Oggi, 11 ottobre , ricorre l’anniversario (anche allora, fra l’altro, era un giovedì) della solenne apertura del Concilio Vaticano II e della storica allocuzione di papa Giovanni XXIII: “Gaudet Mater Ecclesia”.
Avrei voluto scriverne prima, ma ho festeggiato una nipotina che oggi compie tre anni, e capite che i doveri di un nonno sono importanti!
Sarò sincero: c’è stato un tempo in cui mi sono identificato con il discorso di papa Giovanni. Allora pensavo che i “profeti di sventura”, come li chiamò Roncalli, fossero davvero tali. Poi ho dovuto constatare che avevano più di una ragione.
Quando risento l’incipit del discorso del papa (“Gaudet Mater Ecclesia… La Madre Chiesa si rallegra…) mi prende un misto di commozione e di sconforto. Commozione perché immagino i sogni coltivati da chi credeva nel Concilio in buona fede (dico che lo immagino perché all’epoca avevo quattro anni); sconforto perché gran parte di quei sogni si sono trasformati in incubi, come vediamo in questo nostro tempo.
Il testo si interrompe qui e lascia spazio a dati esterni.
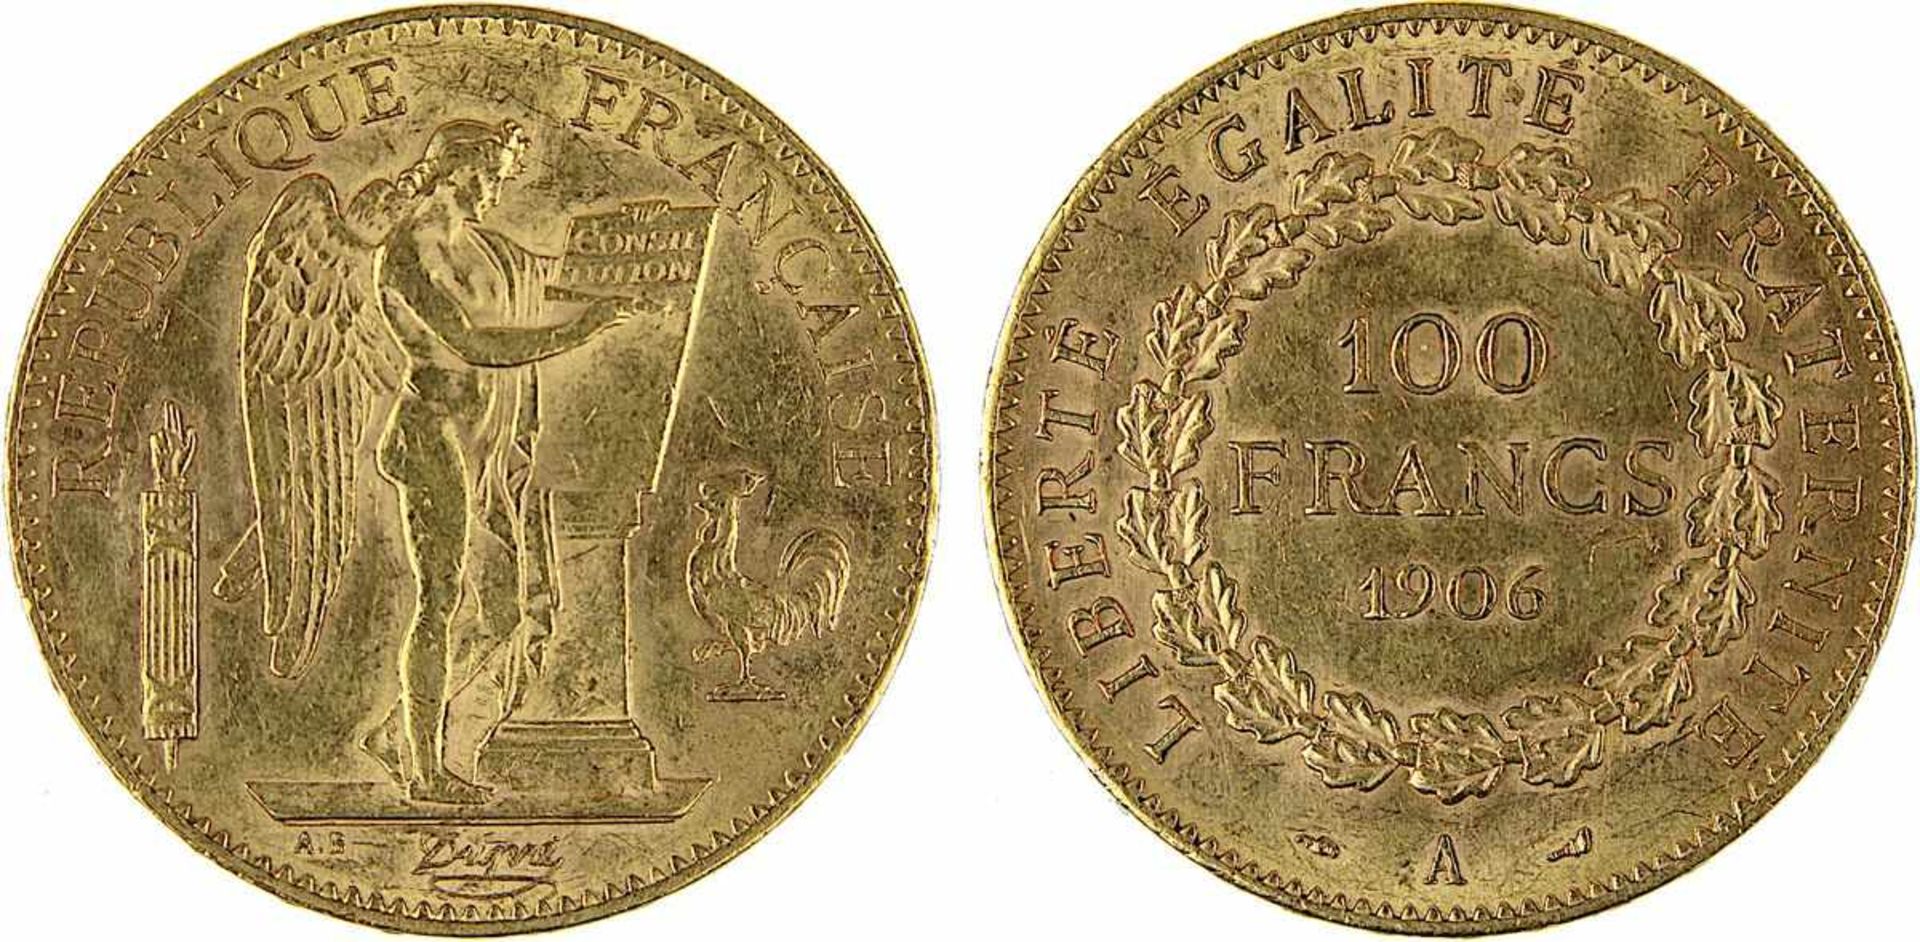 Goldmünze zu 100 Francs, Frankreich 1906, A für Paris, 900er Gold, 32,2 g, Erhaltung sehr schön,
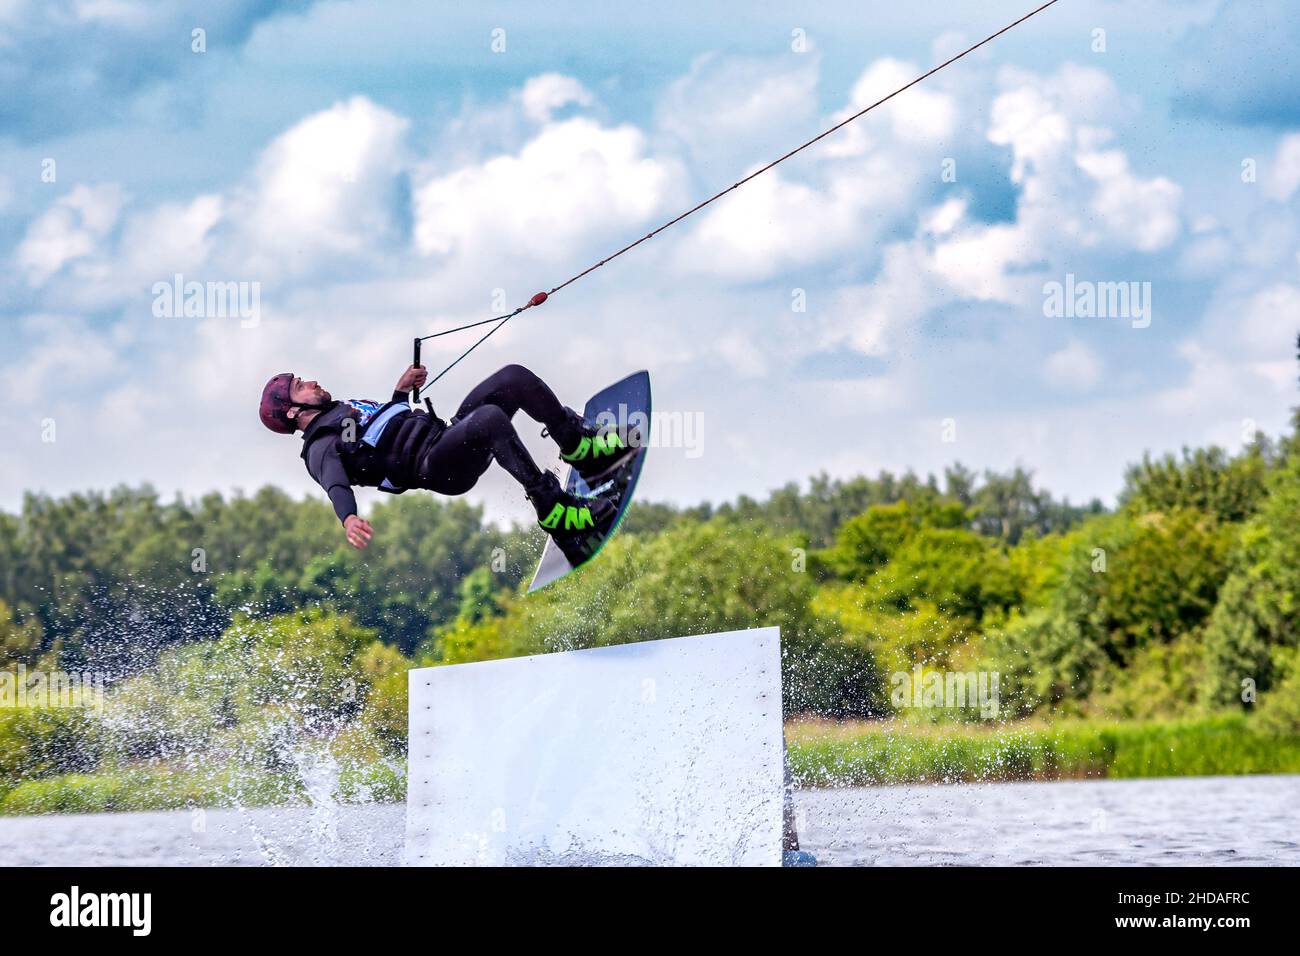 Junge aktive Profisportlerin, die auf dem Wakeboard in der Luft springt, Wassersport im Fluss Stockfoto

Non sarà male, tuttavia, ricordare che in “Gaudet Mater Ecclesia” papa Giovanni, pur manifestando un ottimismo che oggi, alla luce degli eventi successivi, ci può apparire ingenuo, ribadisce ripetutamente la volontà di riaffermare e confermare il magistero.
Dice infatti in un passaggio centrale: “Nell’indire questa grandiosa assemblea, il più recente e umile Successore del Principe degli Apostoli, che vi parla, si è proposto di riaffermare ancora una volta il Magistero ecclesiastico, che non viene mai meno e perdura sino alla fine dei tempi”. E poi, più avanti: “Quel che più di tutto interessa il Concilio è che il sacro deposito della dottrina cristiana sia custodito e insegnato in forma più efficace”. E ancora: “… perché tale dottrina raggiunga i molteplici campi dell’attività umana, che toccano le persone singole, le famiglie e la vita sociale, è necessario prima di tutto che la Chiesa non distolga mai gli occhi dal sacro patrimonio della verità ricevuto dagli antichi”. E ancora: “Il ventunesimo Concilio ecumenico … vuole trasmettere integra, non sminuita, non distorta, la dottrina cattolica, che, seppure tra difficoltà e controversie, è divenuta patrimonio comune degli uomini”.
Come si vede, la volontà di confermare i fratelli nella fede, senza cambiarla, è ribadita più volte. Tuttavia “Gaudet Mater Ecclesia” contiene anche parole che hanno permesso di scardinare il proposito iniziale. Eccole: “Però noi non dobbiamo soltanto custodire questo prezioso tesoro, come se ci preoccupassimo della sola antichità, ma, alacri, senza timore, dobbiamo continuare nell’opera che la nostra epoca esige, proseguendo il cammino che la Chiesa ha percorso per quasi venti secoli … Altro è infatti il deposito della Fede, cioè le verità che sono contenute nella nostra veneranda dottrina, altro è il modo con il quale esse sono annunziate, sempre però nello stesso senso e nella stessa accezione”.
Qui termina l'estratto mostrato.